On Mon, Apr 09, 2007 at 02:43:16PM -0700, Cameron Dale wrote:
> Since the first step is variable size pieces, I'm wondering, are we sure this is
> the way to go? What about my alternate suggestion on the wiki for a smart
> ordering of pieces that would minimize the wasted bandwidth? Maybe we should
> generate some statistics on this to check?

lenny's active, so monitoring sid and lenny for a week should be a good
start. The size of all debs in a Packages file (arch:i386 and arch:all)
is 14,337,091,622B by my count, so around 14GB. That should give you a start,
afaics.

The unavoidable drawback, afaics, is that piece boundaries will almost
never start on a file boundary, so there's no way to reuse the sha1 info
from the Packages file as the "piece" checksum info. Presumably we're
talking 1MB piece sizes, so that's an extra 14k sha1sums that need
to be calculated and distributed every pulse, by sha1'ing the entire
archive and adding a new 14k*20B so an extra 280kB per suite. But it's
the regenerating sha1s for something like 100GB of the archive twice
(or more) a day that sounds impossible to me.
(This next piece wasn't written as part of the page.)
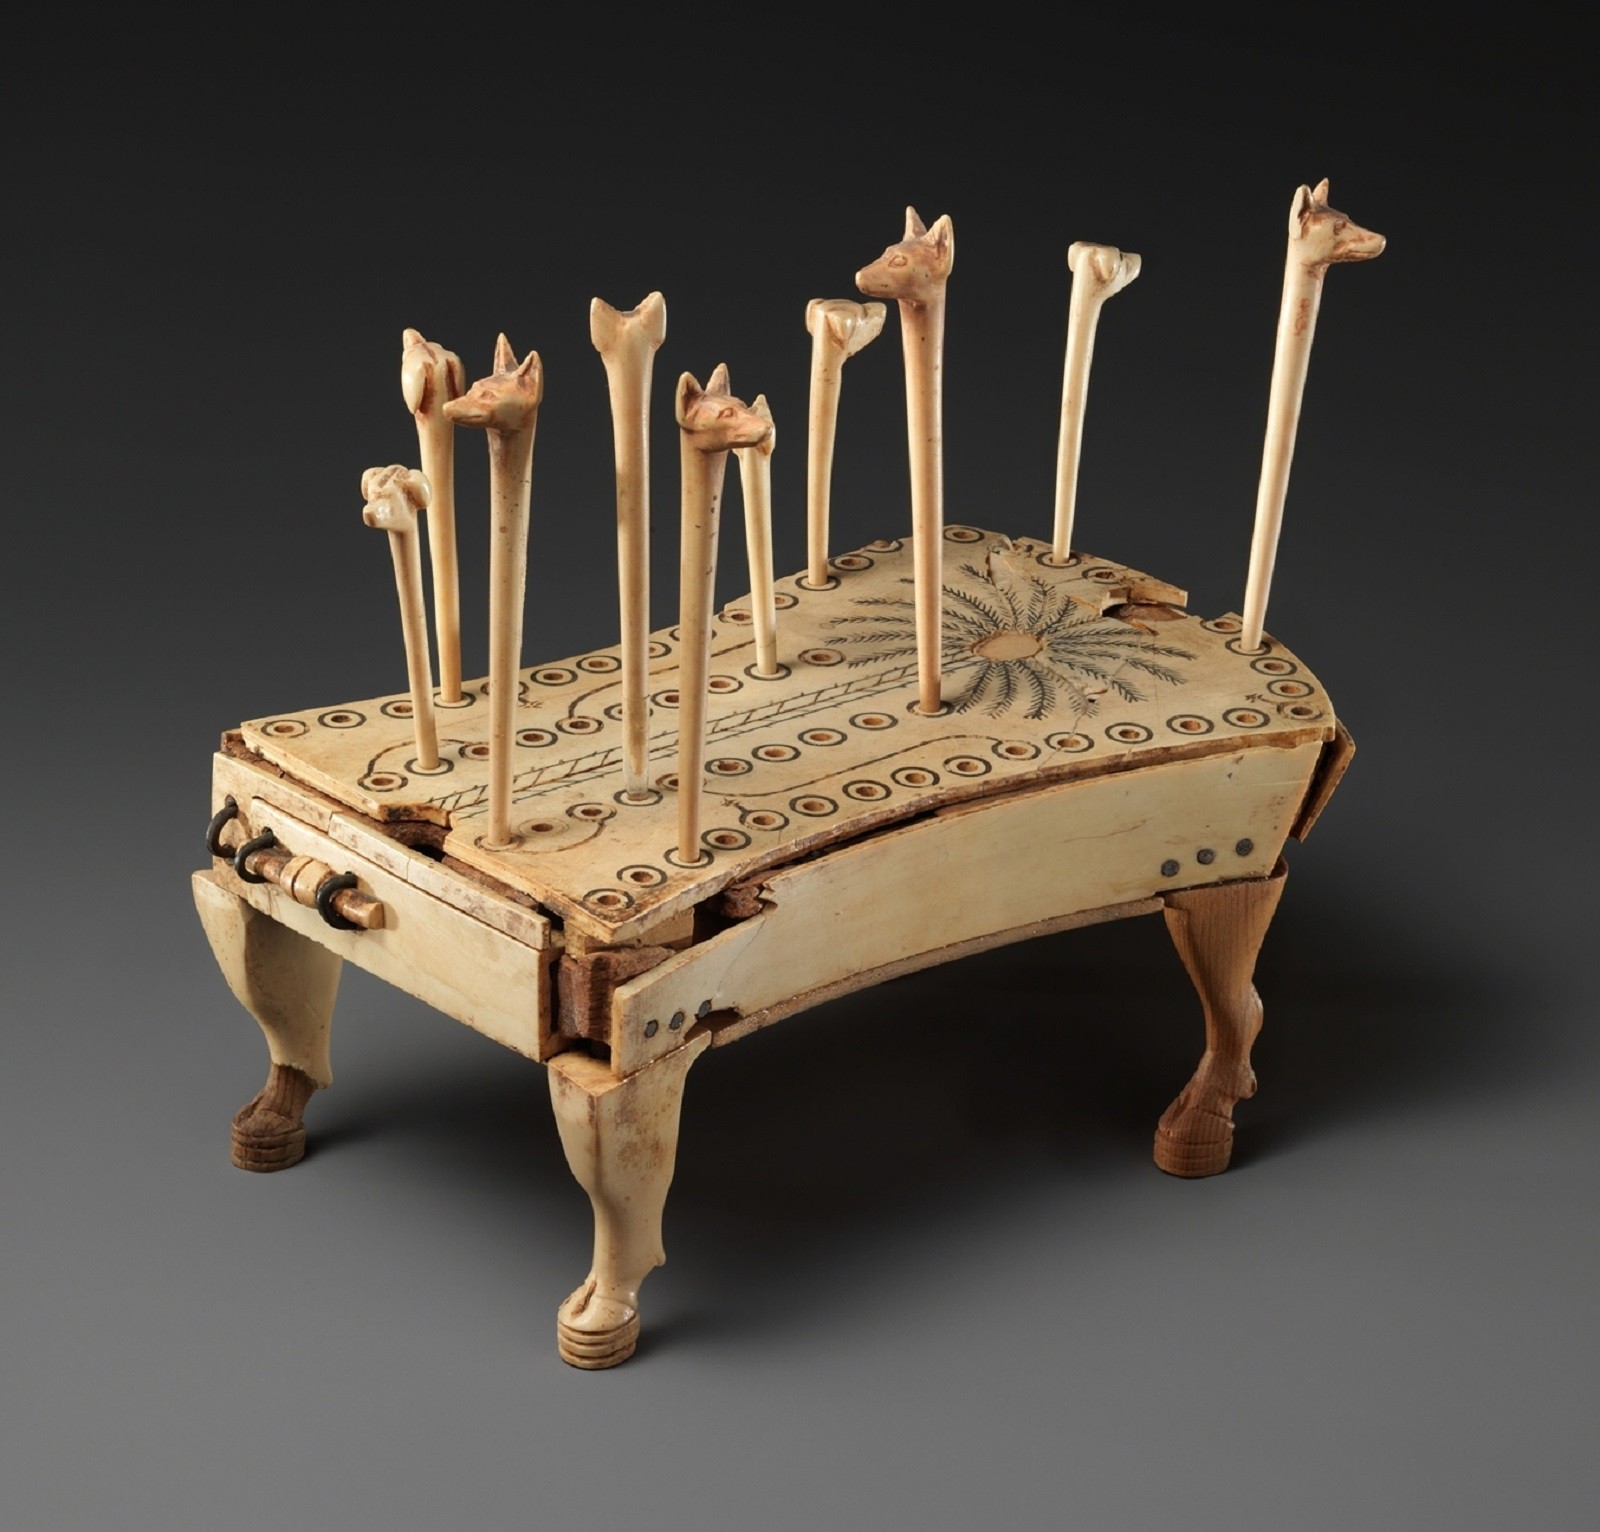 Starożytna gra planszowa zaskakuje pochodzeniem. Wcale nie powstała w Egipcie?

> And what about the choice of BitTornado as a starting client to modify? I was
> looking through the long bug list for it, and I see a couple of things that
> might be a problem. First, it's UPnP support seems to be Windows based, and so
> not functional.

Oh cool. Well, I presume that's fixable, and if it's not, I don't really think
manually adding some port forwarding is a big deal. (I hadn't even considered
UPnP as an option to be honest)

> The second problem that comes up a lot with BitTornado is its complete lack of
> support for encodings such as unicode and utf8. Do you foresee any problems with
> the file names that we'll be dealing with? Is there some kind of standard
> detailing the encoding that Debian archives use for their files?

Package names are limited to '[a-z0-9][a-z0-9+.-]+', versions
are a subset of '[0-9a-zA-Z.+:-]+'. Filenames are limited to
'<package>_<version>_<arch>.<extension>'. The ":" could conceivably be
re-encoded as per HTTP as "%3a" (that's what apt does), but currently
isn't used.

http://ftp.debian.org/debian/indices/files/components/ has some lists of
files on the mirrors that might give you a better idea.